For many in the industry, Edge said the shutdown has felt a little like a hurricane — the only real frame of reference for this level of closure — but without any way to know when the ‘storm’ will pass.

“In a way, it’s little like the hurricane at first — we’re were backing off of prep, and sort of expecting something,” Edge said. “The problem is, with a hurricane, you essentially know when it’s coming. There’s a cone, you know what to expect. You can estimate how long you’ll be closed, damages, repairs. That’s what’s weird about this — you don’t have a time frame, you don’t have a cone. Kitchens are just shuttered. And when we get back to being open, and some normalcy, whenever that is — who’s left to come fill the dining room? Who can afford to go out to a meal? That’s the thing we’re all stumbling on.”

The owner of Manna, Billy Mellon, joined several other restauranteurs — including Rx owner James Doss, Surfhouse’s Craig Love, and husband and wife team Dean Neff and Lydia Clopton — in closing their doors and asking Cooper for a total restaurant shutdown before the governor’s office had started shuttering establishments.

“I love all guys downtown – Dram and Morsel, Caprice, all those guys — as we made our decision, we were looking out for the community that we serve in the interest of not (a) infecting that community and (b) not infecting ourselves and carry that over into the circles we travel in,” Edge said. “We felt like once we were all on the same page we needed to stay on that page.”
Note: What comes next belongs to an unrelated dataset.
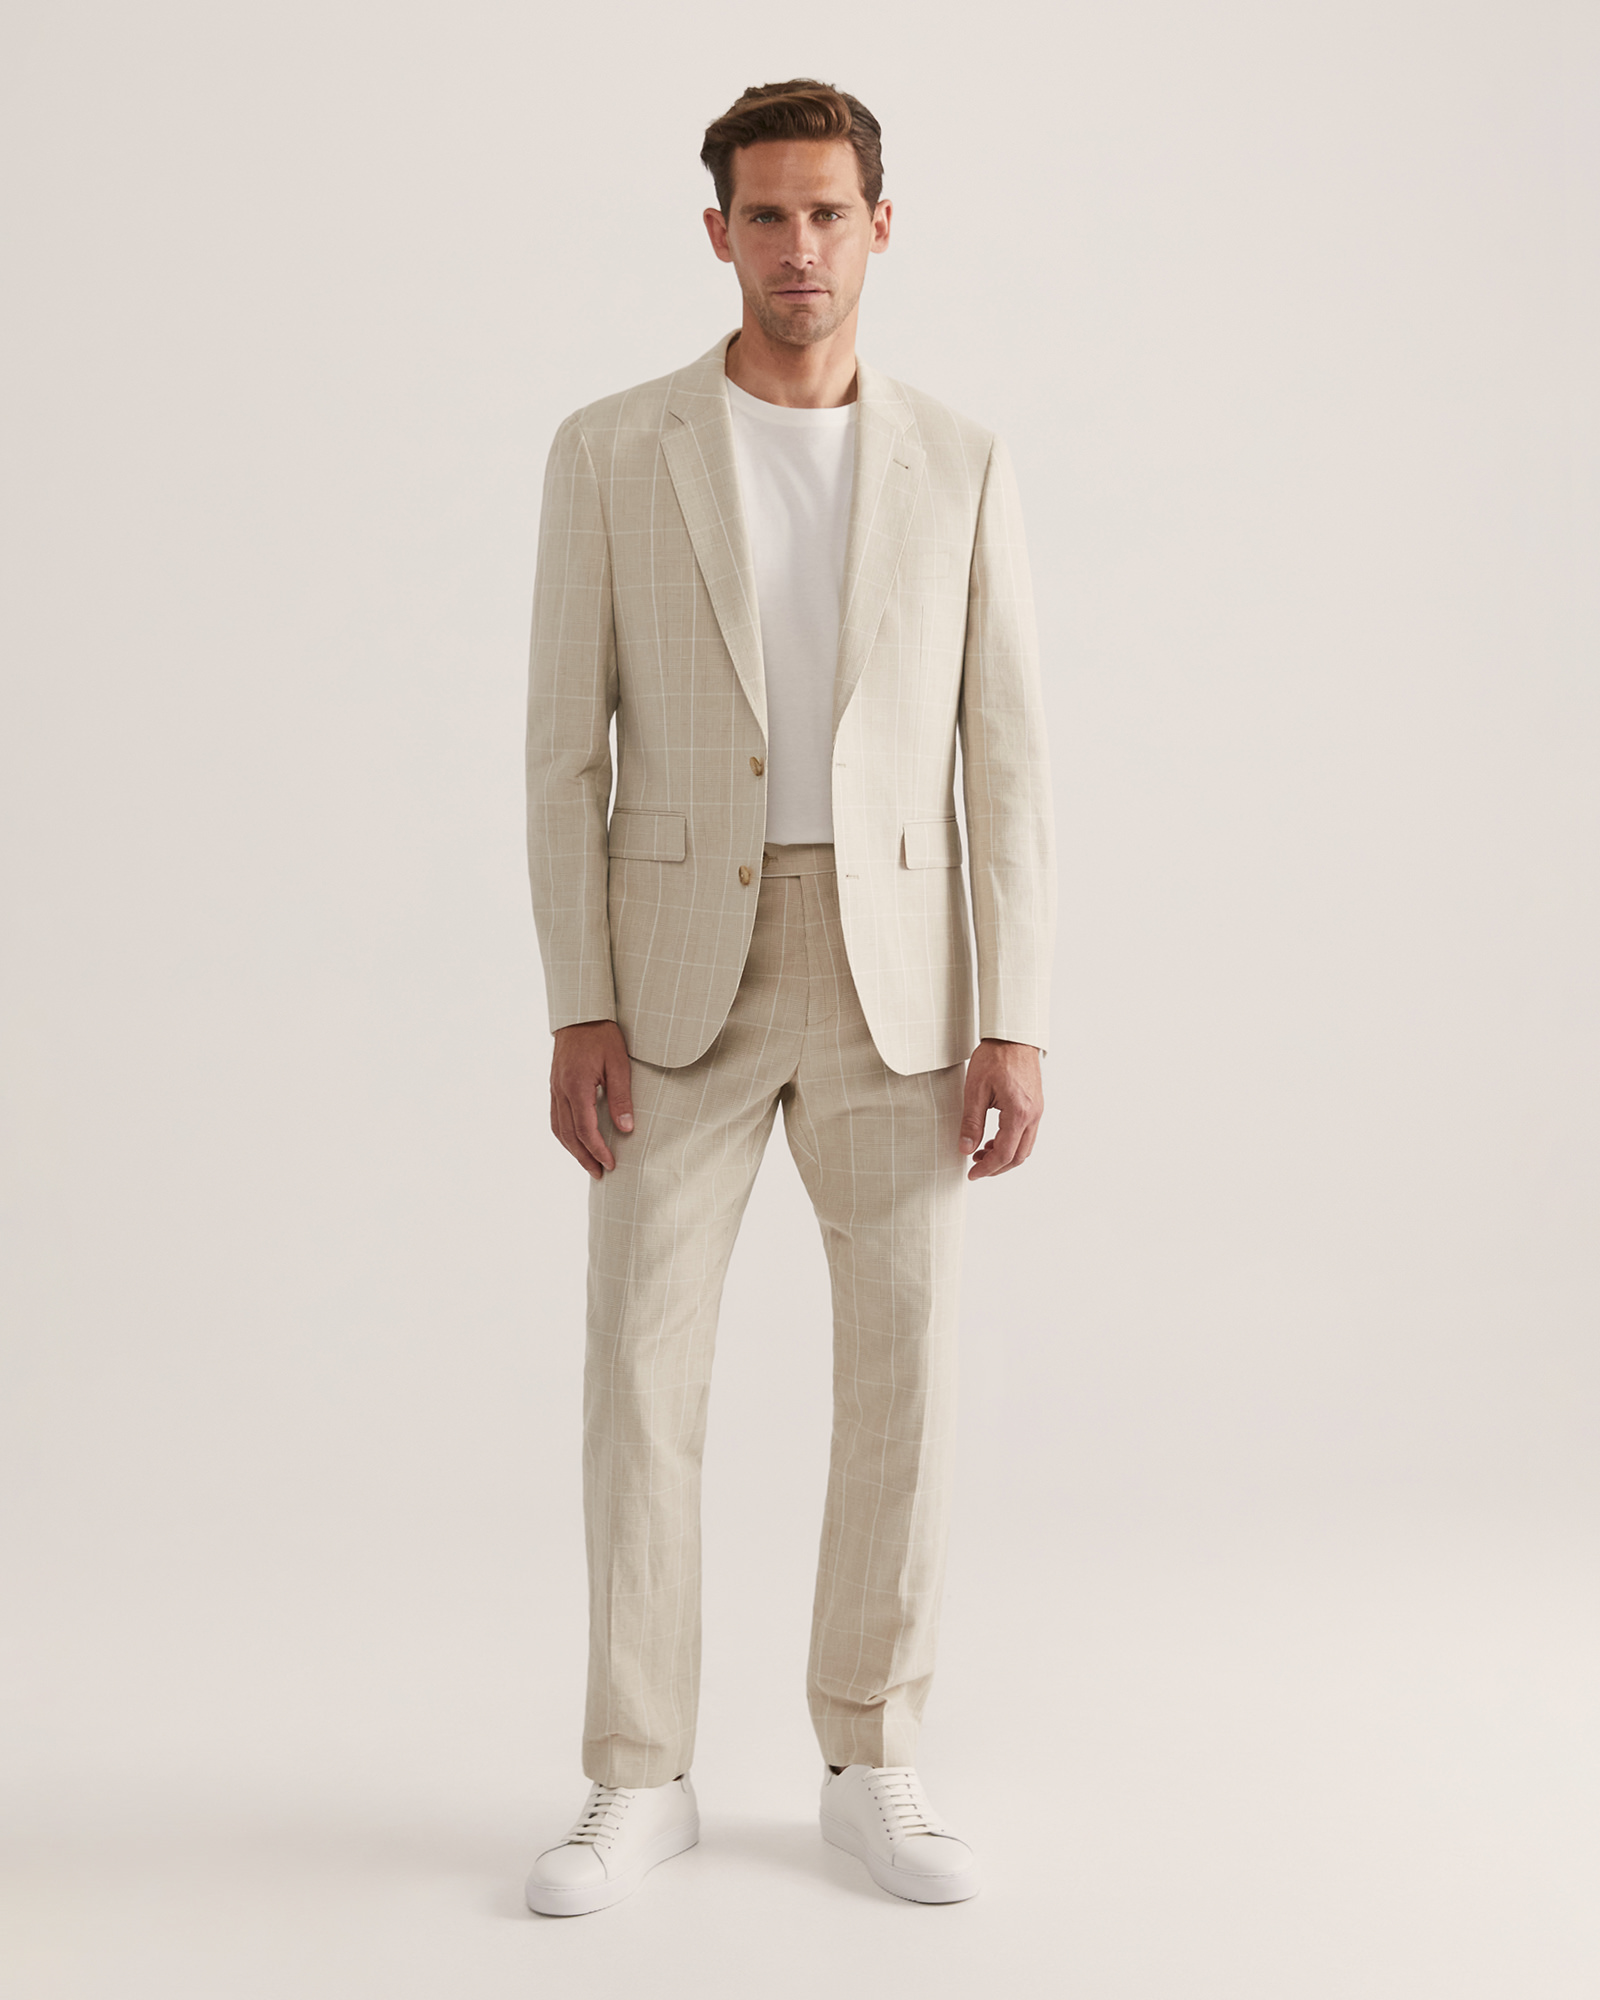 Selected Homme slim tapered suit pants in beige

But not everyone was on the same page. In fact, closing down was a polarizing move, and some strongly disagreed, choosing instead to attempt a conversion to take-out and delivery models.

Edge said he understood that move, but it bothered him knowing some restaurants had closed as a sacrifice for the greater good, only to see other restaurants with crowded lines — inside dining rooms and at bars — waiting for food.
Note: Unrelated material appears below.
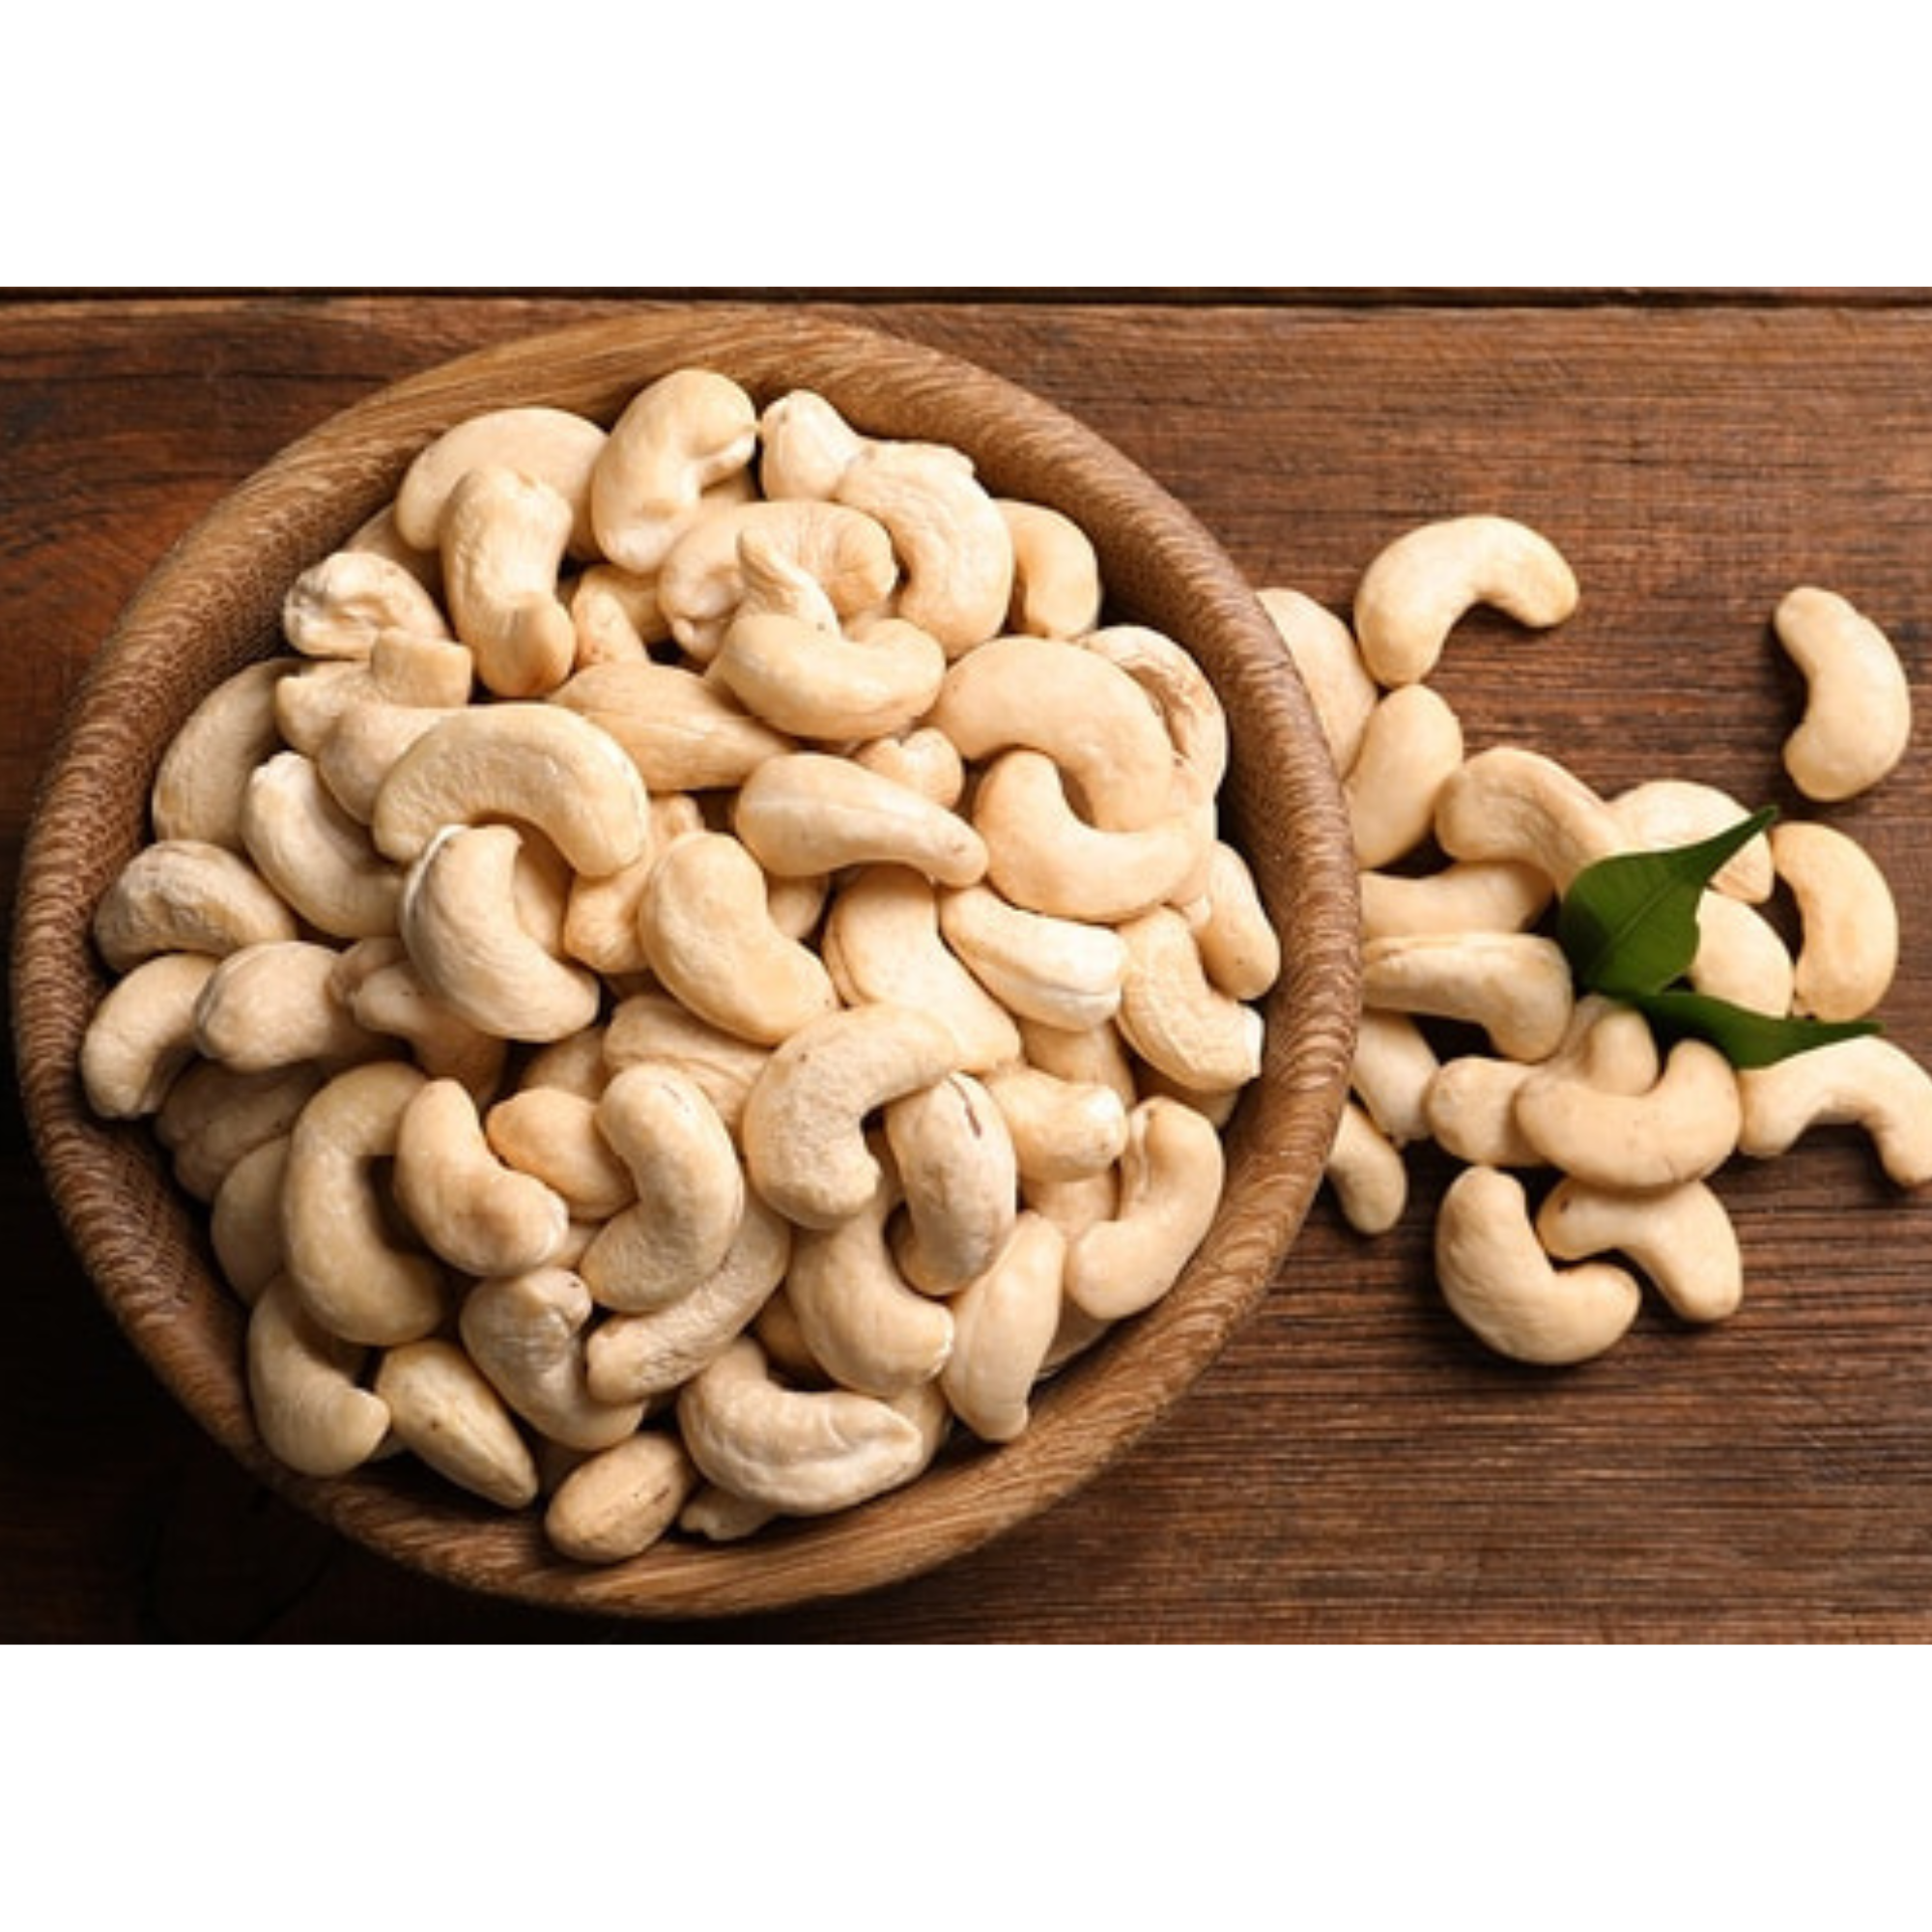 Heka Bites Whole Daily Cashews (Kaju) 500 g

“There were definitely places that kind of threw a drive-through shack out their back door… but also, we saw people coming in to pick up take-out food and asking or a drink, and I saw people say ‘yeah, it’s cool, if you come in and order take-out I’ll pour you a beer at the bar.’ And it’s like, that’s not legal. That’s literally not legal right now,” Edge said.
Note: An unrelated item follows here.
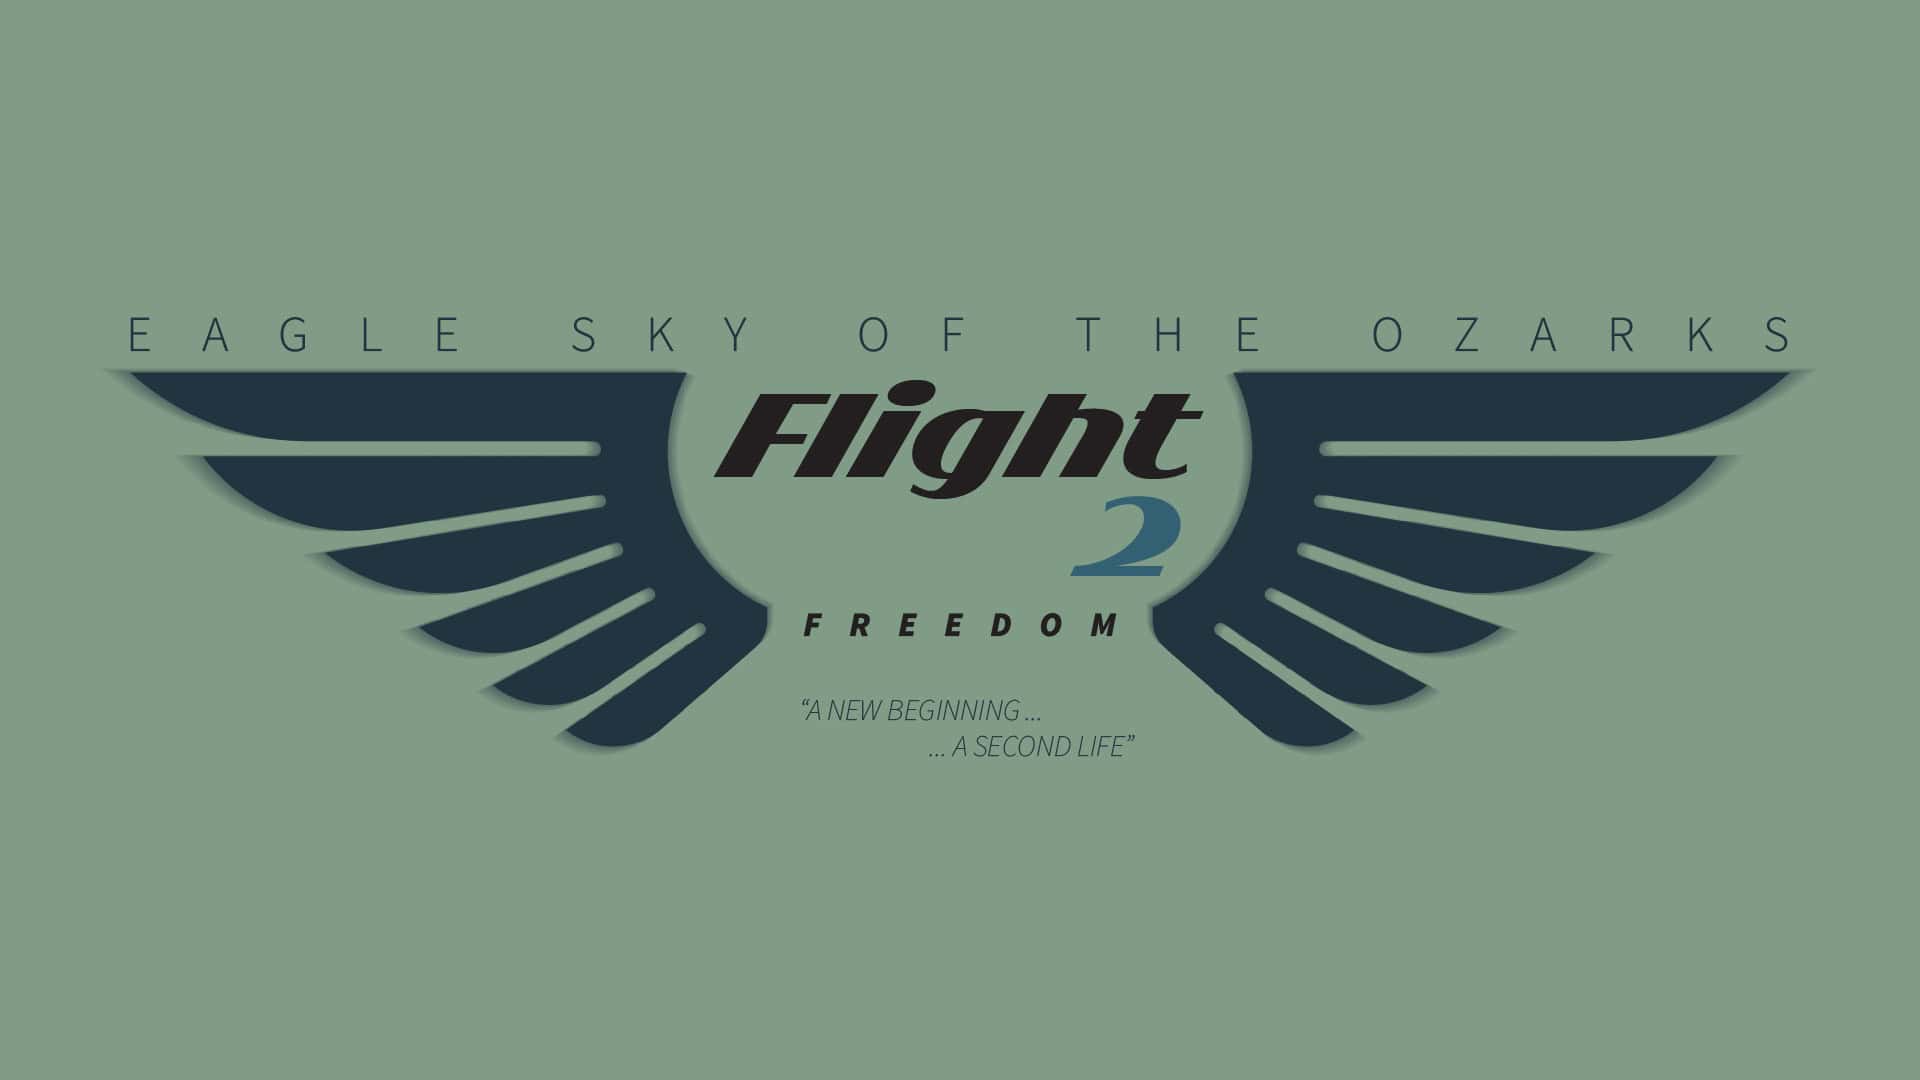 Eagle Sky of The Ozarks - Flight 2 Freedom

Here were the same conditions that the Governor’s office was taking extreme measures to prevent, happening in spite of the closures, Edge said. The fear, Edge said, is that half-measures will only drag out the process — the longer that happens, the fewer employees and businesses make it, he said.

“We won’t be this in for only a few weeks unless we all shut everything down all together,” Edge said. “And, I understand how those decisions get made, just trying to survive. There’s a lot of fear and uncertainty and anxiety right now. It’s fear and loathing in the age of coronavirus.”

Then there’s a simpler issue — some food just isn’t for takeout.

“Manna is a dining room experience, it’s the service, it’s the table cloth and the atmosphere — but, also you don’t want a meal like that and take it away. These are dishes that aren’t meant to sit even a few minutes before being served and, so, as take away it’s just not right,” Edge said.

Despite the disruption, the disputes, and the devastation, Edge said he’s still optimistic about Wilmington’s restaurant scene and its ability to recover from the current shutdown.

“I don’t think it’s going to be pretty. But I know there’s a lot of love and there’s an ability to connect, to keep the network of hope, so that when one of us is down we can reach out and pull them up. Because that’s what it’s going to take to get through this,” Edge said. “It’s a good community to be a part of. I miss it. And I look forward to convening again for service.”